Ms. Hen picked up this book at a Little Free Library near her house, because she had read another book by this author, GIRL IN HYACINTH BLUE, and she enjoyed it immensely. Ms. Vreeland writes a lot about art, which is a subject Ms. Hen enjoys. She doesn’t always like the way everyone talks about art, but she can appreciate beauty.

This novel is about a young woman, Lisette, who is dragged to the countryside of Provence against her will to help take care of her husband Andre’s grandfather, because he is sick, right before the outbreak of World War II. Lisette can’t stand to be in the rural area, she yearns for Paris, the city where she was born; the place full of excitement and brimming with love. She loves her husband, but pines for the city.

That is, until she gets to know the grandfather’s paintings. She falls in love with the artwork by Pissarro and the Cezanne, and the mysterious painting they think is by Picasso. She vows to take care of the paintings. Pascal, the grandfather, dies, and Andre goes off to war, and hides the painting so the Nazis will not steal and destroy them. Lisette goes to find them, but cannot, and it is a long process after the war to find them.

This book took place in a similar timeframe as another book that Ms. Hen read, but she adored, called LA BATARDE, by Violette Leduc, which is a memoir about a woman growing up in France as an illegitimate child, or a bastard, hence the title. However, there are few similarities. This novel is not as urgently written and powerful as Leduc’s memoir. The Resistance is mentioned, and so is the black market during the war, but LISETTE’S LIST pales in comparison in importance and scope.

Ms.

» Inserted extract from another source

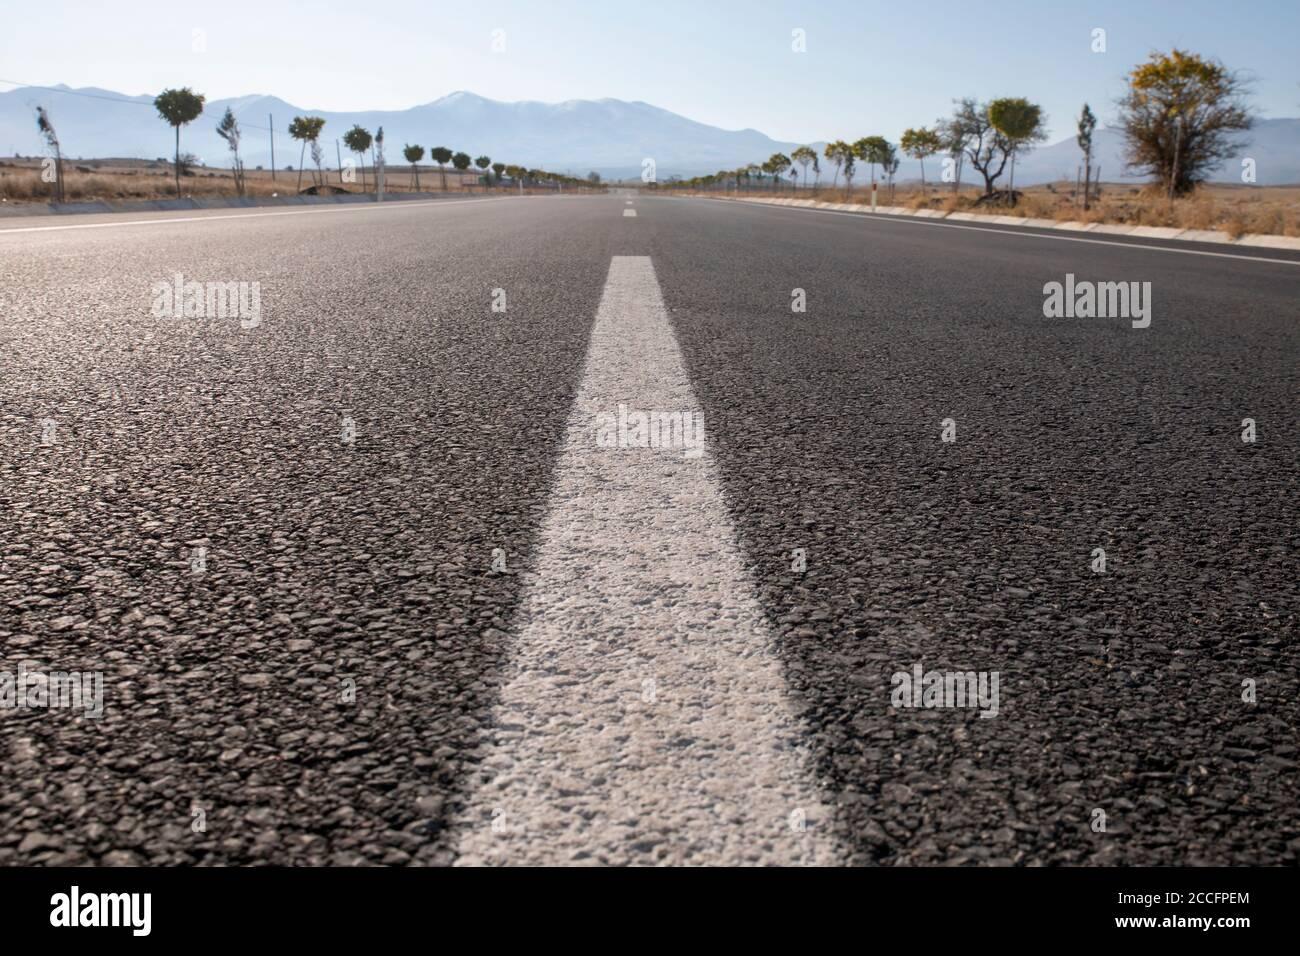 Asphalt Road background, Travel Concept Stock Photo

Hen loved the descriptions of the French countryside in Provence, and she longed to go there as she read. She has not been to that area of France, but she has been to the other side of the south, Languedoc, and thought it was breathtaking, and dreams of returning. She couldn’t understand how Lisette could not love this place immediately, but she does eventually. This book was not Ms. Hen’s favorite book she has read recently.

This novel seemed to go on a little too long, and it seemed to drag. Ms. Hen thought this book was what she calls “book clubish,” a word to describe a novel written for women, which is just too nice, not offensive, with nothing dark about it, for women or people who do not want to get easily offended by writing. This surprised Ms. Hen, because GIRL IN HYCINTH BLUE was one of her favorite books she read last year. But that book has a lot of spirit that this novel simply lacks.

This is not the worst book Ms. Hen has read recently, but it is not the best. Ms. Hen does not recommend this novel to people who like to be punched in the face and inspired by something they read. But there are a lot of chickens and hens floating around within the pages, which is one positive aspect. But mostly Ms. Hen says, no, find something else to read.